Along with financial costs, distribution losses also contribute to greater greenhouse gas emissions and increased water stress within the region.
On average, electricity utilities in the continent lose 23 percent of all energy consumed due to operational inefficiencies, at a cost of almost $3.3 billion per year, compared to a 10 percent global average.
“Such inefficiencies undermine the future performance of utilities, dissuade investment, and harm the environment,” says the IFC.
Africa is struggling with huge operational inefficiencies estimated at more than $3 billion annually which have caused the region to suffer the world’s highest energy prices, with most of its electricity providers barely breaking even, limiting their scope for reinvestment.
Kenya Power, which is 50.1 percent owned by the state, is facing a demand crisis due to its inflated electricity bills, corruption and increasing shift to solar energy by households and industries.
The firm disclosed in its annual report (2019) that demand risk is among major concerns to its operations as heavy-consuming industrialists seeking reliable and cheaper supply shift to solar power.
In July last year, the government reconstituted Kenya Power’s entire board as part of efforts to streamline its operations, enhance efficiency in power distribution and transmission and restore the firm to a profitability path.
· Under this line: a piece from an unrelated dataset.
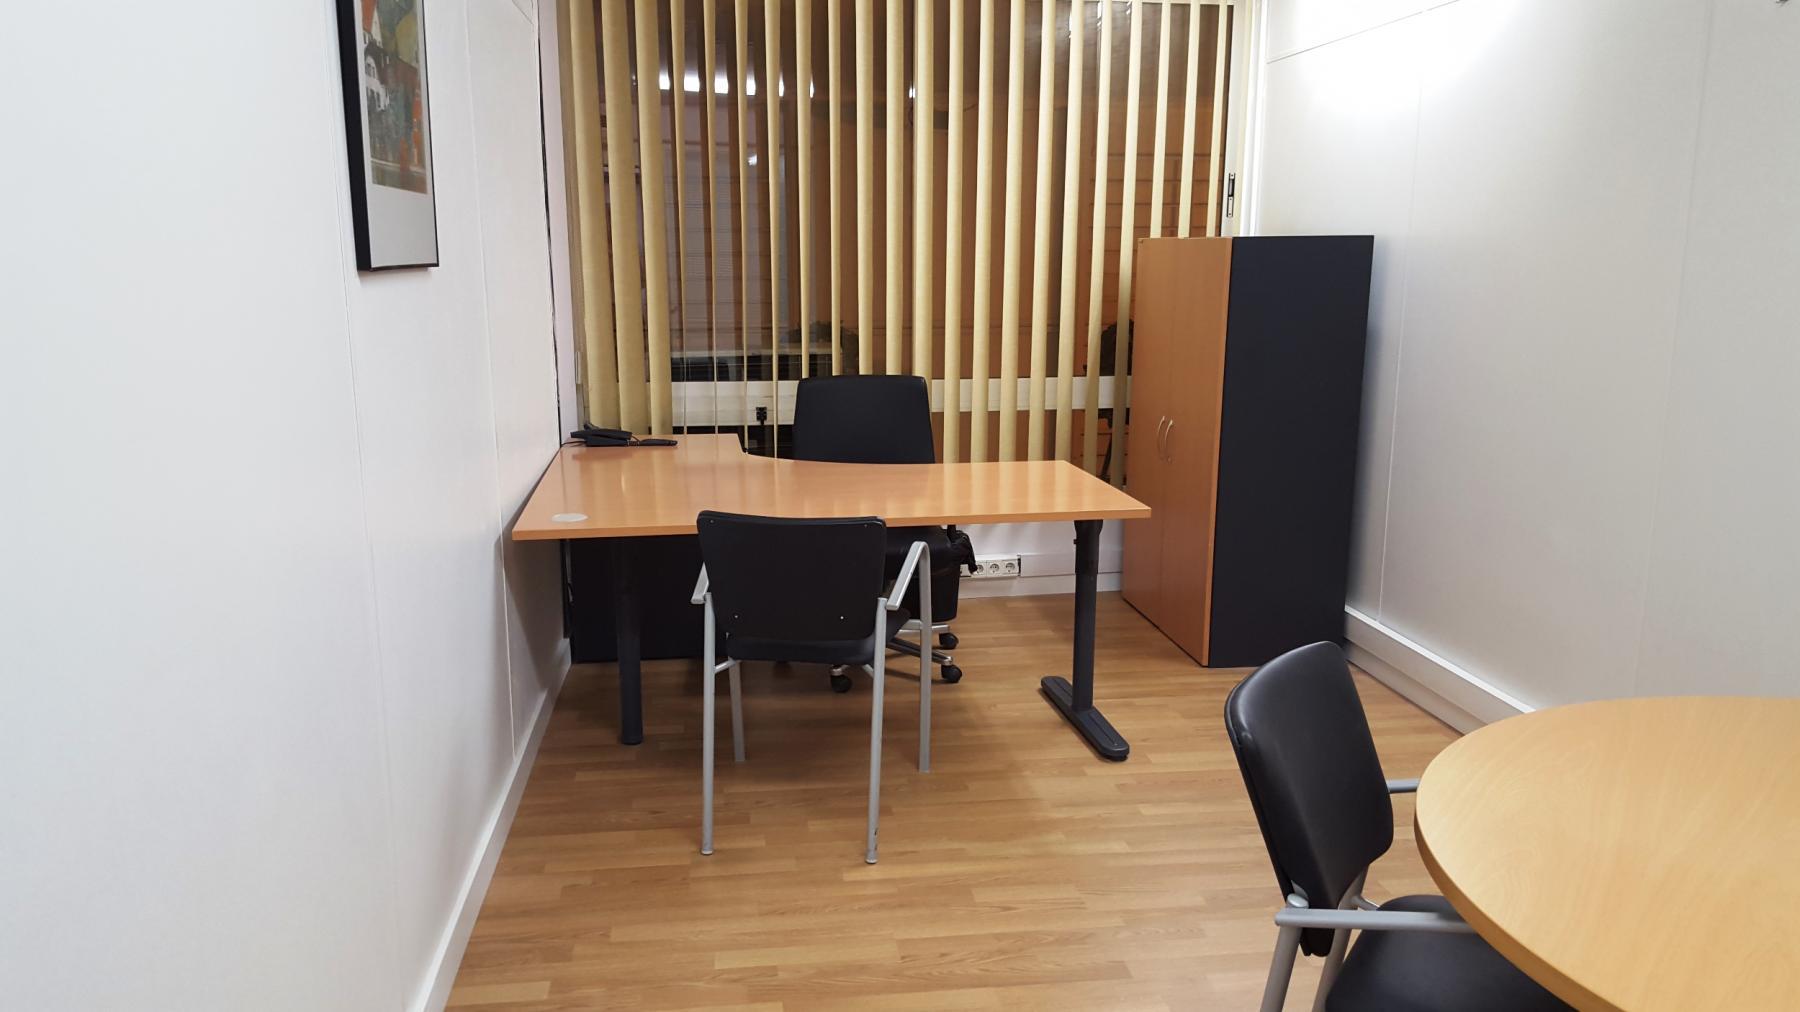 Alquilar oficinas Carrer de Cirilo Amorós 6, València (2)

The firm’s system losses have increased to 23.46 percent from 18.68 percent in the past seven years.
The firm attributes its high transmission and distribution costs to higher allowance for expected credit losses and provisions for obsolete and slow-moving inventories.
In Uganda, Umeme Ltd is the country’s main electricity distribution company. The firm is responsible for distributing 97 percent of electricity through a 20-year electricity distribution concession from the government that took effect on March 1, 2005.
State-owned Botswana Power Corporation has been making operating losses for years due to high import costs, nonperforming assets and operational inefficiencies, causing it to rely on government subsidies to stay afloat.
Morocco is partially unbundling electricity sector by steadily allowing an increasing amount of private participation through a series of reforms introduced since the mid-1990s.